Вхожу, посреди комнаты капитан стоит. Капитан, как капитан: две руки, две ноги, нос, рот, уши. А какой-то странный. Сначала я понять не мог, в чем дело, потом понял - глаза у него особенные. Светлые очень. Не голубые, как у Лихачева, и не серые, а вроде бы белые, как у снулой щуки.

Уж не знаю, сколько он смотрел на меня снулыми глазами, но у меня от этого мурашки по спине побежали. Это у них, наверно, прием такой, сначала пугнуть, а потом уже разговаривать. Хотя не могу понять, зачем меня пугать надо. Он, когда почувствовал, что я испекся, пальцем меня поманил, чтобы поближе подошел. Я не могу понять, чего он от меня хочет, но ничего хорошего уже не ожидаю. Подошел... А он шепотом:

- Рассказывай, где твоя пушка, сержант Опарин, и машина где?

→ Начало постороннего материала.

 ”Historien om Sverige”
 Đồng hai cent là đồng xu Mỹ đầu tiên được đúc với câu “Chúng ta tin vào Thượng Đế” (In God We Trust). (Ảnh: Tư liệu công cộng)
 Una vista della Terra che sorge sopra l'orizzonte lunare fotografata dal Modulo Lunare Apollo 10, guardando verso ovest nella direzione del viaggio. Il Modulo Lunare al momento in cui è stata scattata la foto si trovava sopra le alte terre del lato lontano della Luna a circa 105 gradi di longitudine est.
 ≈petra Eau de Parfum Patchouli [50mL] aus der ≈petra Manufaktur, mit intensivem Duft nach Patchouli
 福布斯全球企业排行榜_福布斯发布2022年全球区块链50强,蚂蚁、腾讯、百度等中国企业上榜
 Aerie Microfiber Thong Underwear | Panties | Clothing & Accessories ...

Фашистам подарил?

Ну, думаю, тайный у нас разговор, и надо, чтобы никто его не подслушал. Тоже шепотом отвечаю:

- Никак нет, товарищ капитан. Машина сгорела, а пушку "мессер" разбил. Мы ее разбитую и оставили. Немцам от нее никакой пользы.

- Ты чего шепчешь? - спрашивает он, но шепотом.